**** DATASET CONTENT

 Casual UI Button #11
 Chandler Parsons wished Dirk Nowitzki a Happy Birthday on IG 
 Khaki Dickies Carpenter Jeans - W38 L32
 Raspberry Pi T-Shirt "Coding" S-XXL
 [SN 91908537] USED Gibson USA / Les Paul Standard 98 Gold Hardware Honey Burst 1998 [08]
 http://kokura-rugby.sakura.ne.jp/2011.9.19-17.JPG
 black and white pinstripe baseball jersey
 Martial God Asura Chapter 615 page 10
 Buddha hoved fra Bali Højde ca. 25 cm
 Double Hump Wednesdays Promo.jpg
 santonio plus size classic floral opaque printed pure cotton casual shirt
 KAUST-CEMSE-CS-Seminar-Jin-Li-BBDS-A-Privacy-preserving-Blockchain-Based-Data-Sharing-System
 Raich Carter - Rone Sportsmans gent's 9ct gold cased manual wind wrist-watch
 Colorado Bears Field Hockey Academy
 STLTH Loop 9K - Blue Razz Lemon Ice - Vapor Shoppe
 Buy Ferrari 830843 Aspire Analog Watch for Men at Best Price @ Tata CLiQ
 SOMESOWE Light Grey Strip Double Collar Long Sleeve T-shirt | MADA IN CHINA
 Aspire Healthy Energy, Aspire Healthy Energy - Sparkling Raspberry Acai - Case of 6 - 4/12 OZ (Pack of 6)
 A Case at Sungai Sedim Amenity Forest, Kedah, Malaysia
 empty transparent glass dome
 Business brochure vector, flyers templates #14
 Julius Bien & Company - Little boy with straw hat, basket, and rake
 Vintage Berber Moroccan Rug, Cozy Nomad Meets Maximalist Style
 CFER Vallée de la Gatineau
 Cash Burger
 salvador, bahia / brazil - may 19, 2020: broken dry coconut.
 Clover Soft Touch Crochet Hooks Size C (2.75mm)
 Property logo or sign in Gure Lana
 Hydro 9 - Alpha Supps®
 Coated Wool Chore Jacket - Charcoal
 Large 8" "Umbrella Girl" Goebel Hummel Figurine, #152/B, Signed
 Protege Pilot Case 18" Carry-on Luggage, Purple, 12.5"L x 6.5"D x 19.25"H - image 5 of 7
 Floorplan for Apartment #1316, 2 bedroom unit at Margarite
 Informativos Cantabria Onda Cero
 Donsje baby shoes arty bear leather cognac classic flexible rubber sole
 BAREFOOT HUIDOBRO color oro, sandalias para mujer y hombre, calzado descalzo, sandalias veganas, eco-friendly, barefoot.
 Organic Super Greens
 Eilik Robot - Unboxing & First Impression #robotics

********

■ EXERCISE INSTRUCTIONS: Beginning with the line above that contains "santonio plus size", copy each line exactly up to and including the line that contains "Hydro 9 - Alpha Supps®", and go no further.

■ RESULT OF THE TASK:
 santonio plus size classic floral opaque printed pure cotton casual shirt
 KAUST-CEMSE-CS-Seminar-Jin-Li-BBDS-A-Privacy-preserving-Blockchain-Based-Data-Sharing-System
 Raich Carter - Rone Sportsmans gent's 9ct gold cased manual wind wrist-watch
 Colorado Bears Field Hockey Academy
 STLTH Loop 9K - Blue Razz Lemon Ice - Vapor Shoppe
 Buy Ferrari 830843 Aspire Analog Watch for Men at Best Price @ Tata CLiQ
 SOMESOWE Light Grey Strip Double Collar Long Sleeve T-shirt | MADA IN CHINA
 Aspire Healthy Energy, Aspire Healthy Energy - Sparkling Raspberry Acai - Case of 6 - 4/12 OZ (Pack of 6)
 A Case at Sungai Sedim Amenity Forest, Kedah, Malaysia
 empty transparent glass dome
 Business brochure vector, flyers templates #14
 Julius Bien & Company - Little boy with straw hat, basket, and rake
 Vintage Berber Moroccan Rug, Cozy Nomad Meets Maximalist Style
 CFER Vallée de la Gatineau
 Cash Burger
 salvador, bahia / brazil - may 19, 2020: broken dry coconut.
 Clover Soft Touch Crochet Hooks Size C (2.75mm)
 Property logo or sign in Gure Lana
 Hydro 9 - Alpha Supps®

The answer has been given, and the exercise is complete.